10 Key Takeaways From “Rich Dad Poor Dad”
Welcome to this blog on 10 key takeaways from “Rich Dad Poor Dad”
Ever since I joined Teen Financial Freedom and read Jacob’s blog on Personal Finance Books – 3 Unique Perspectives, I wanted to read the book “Rich Dad Poor Dad.” It has been known as the #1 personal finance book for the last 20 years, and if you’ve read our monthly blog reviews, you’d know that my goal is to be more educated on finances.
In Jacob’s blog, he gave this blog a 7/10. I do agree with his viewpoints given in his article, but I would give it a rating of 8.5/10. I was so caught up in the idea of working hard to get money, and this book brought me back on the right path.
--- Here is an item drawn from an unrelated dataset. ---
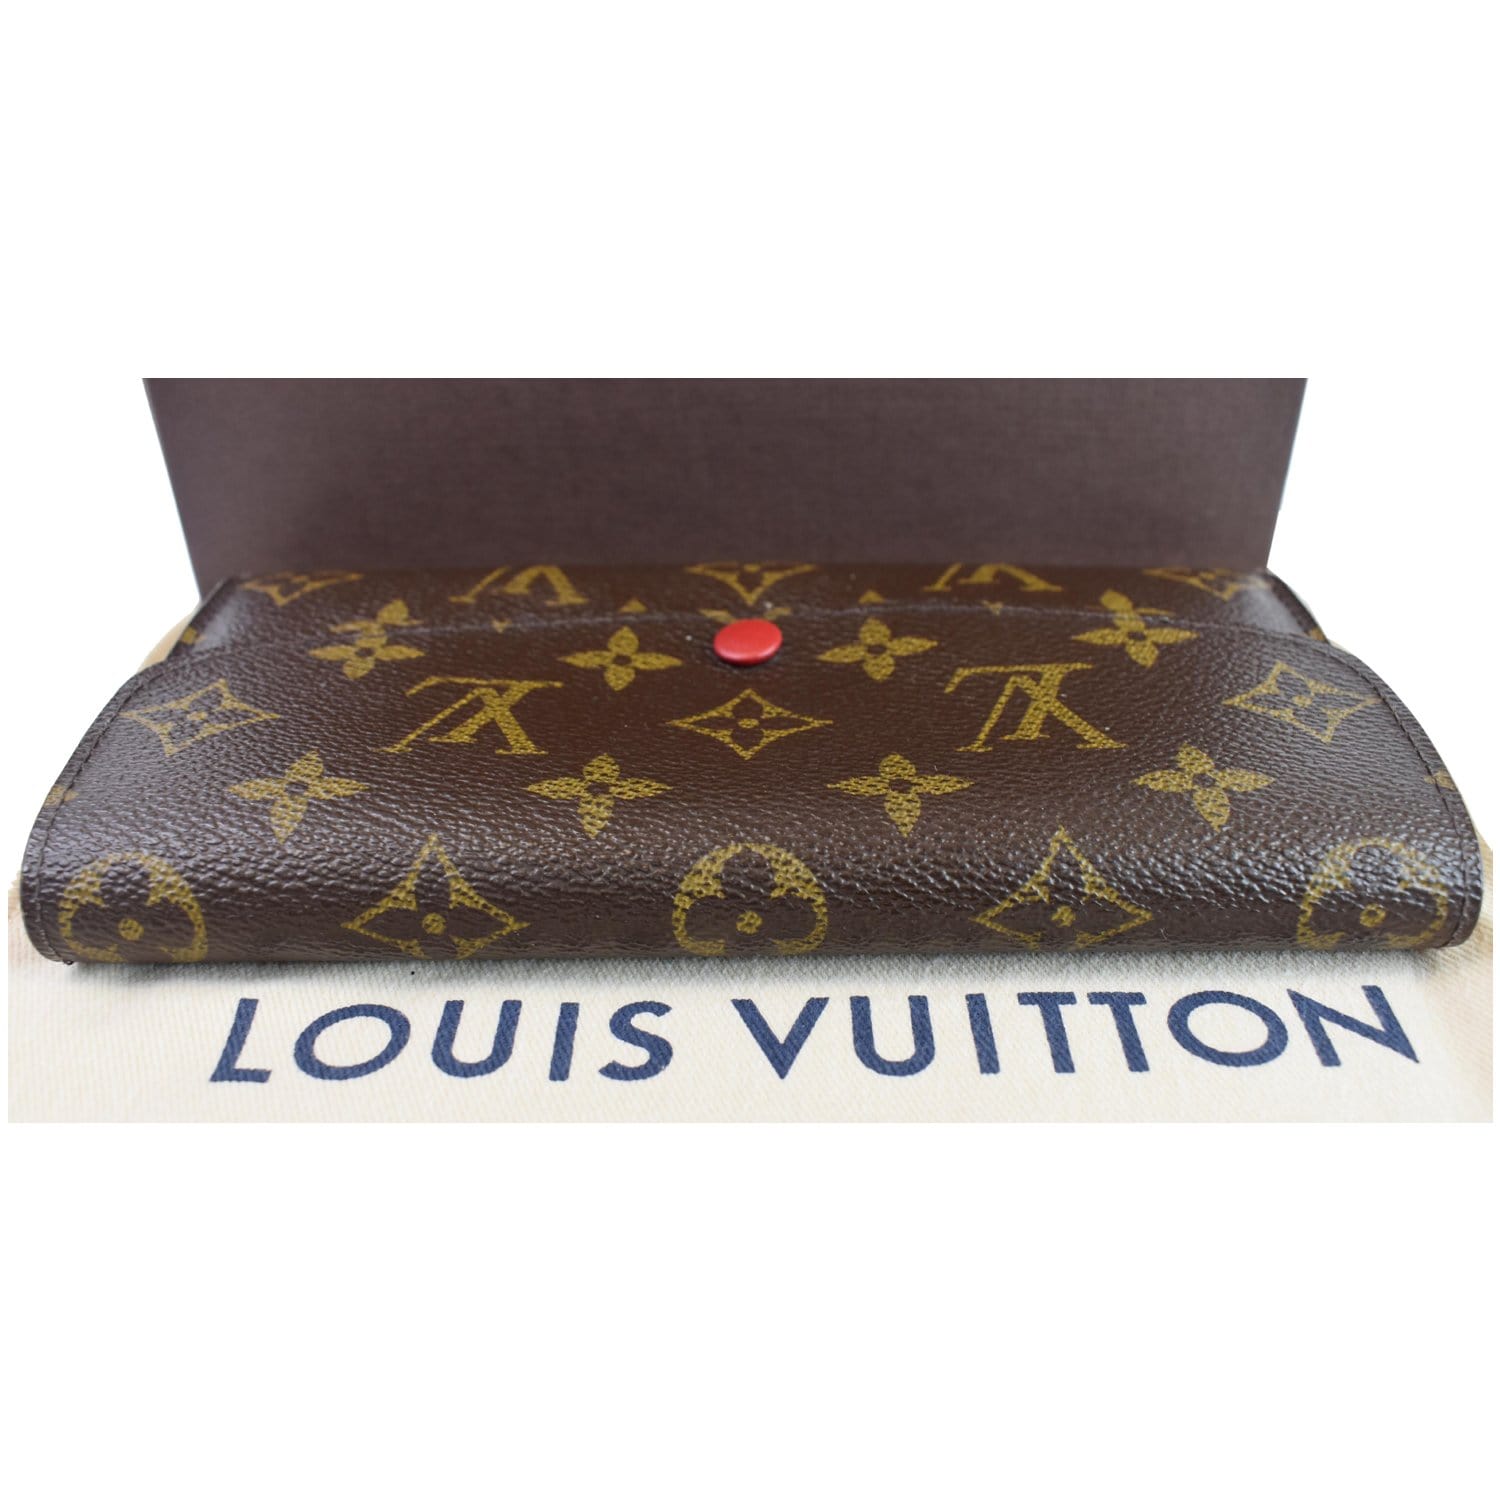 Louis Vuitton Wallet Emilie Damier Ebene Brown in Canvas with Gold
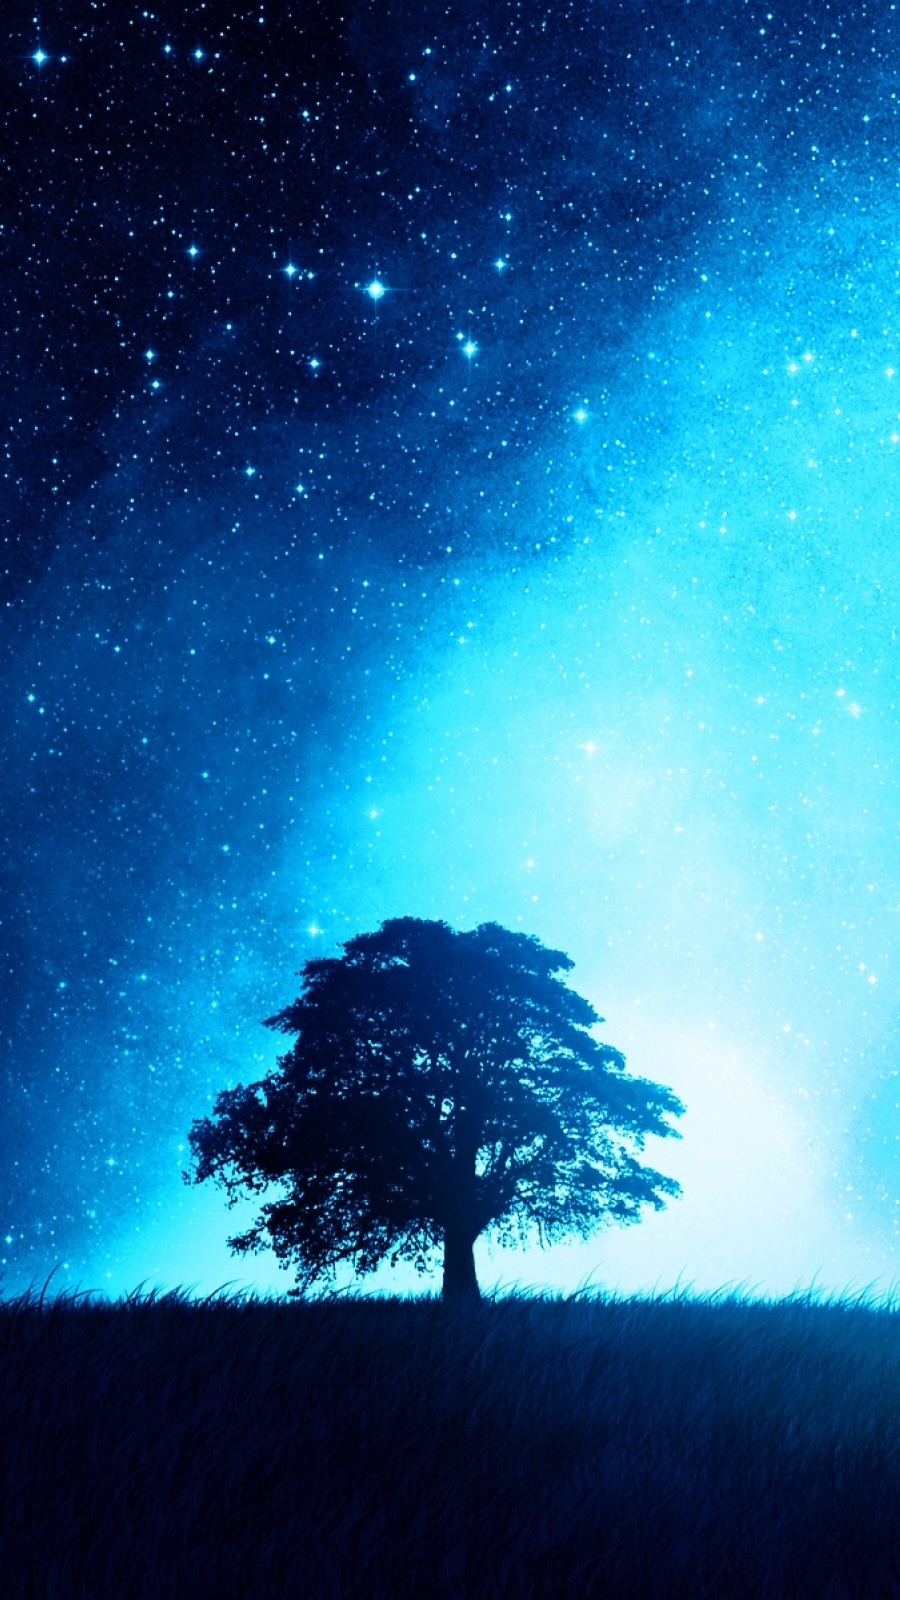 sky wallpaper for iphone,sky,nature,natural landscape,tree,atmosphere

Something I realized is that life is not about working as hard as you can to make the most money you can, as money isn’t even the end goal. Freedom is.
Another main lesson that Rich Dad Poor Dad taught me is being rich and being wealthy are two separate things. One could be very rich, but not have enough time and freedom to do other things that person enjoys. On the other hand, being wealthy is time – how many days would you be able to survive if you stopped working today?
Robert Kiyosaki always brings up a philosophical viewpoint for each concept he writes about, and those viewpoints helped me understand each takeaway I learned. So, let’s get into the 10 takeaways I learned from “Rich Dad Poor Dad!”
1. Your mind is your greatest asset
“The single most powerful asset we all have is our mind. If it is trained well, it can create enormous wealth in what seems to be an instant.”
The first lesson I learned from “Rich Dad Poor Dad” is that your mind is your greatest asset. Your mind is the most influential thing in your life, and the way you think, your mindset, has a significant impact on your lifestyle and future. An example is in the book, when Poor dad used to say “I can’t afford it” when Rich dad used to ask, “How can I afford it?”
Think about it. If you tell yourself that you can’t afford something, you won’t even try to make an effort to afford it. However, when you ask yourself about how you can afford something, you are forced to be creative and look for opportunities to work hard to be able to afford something.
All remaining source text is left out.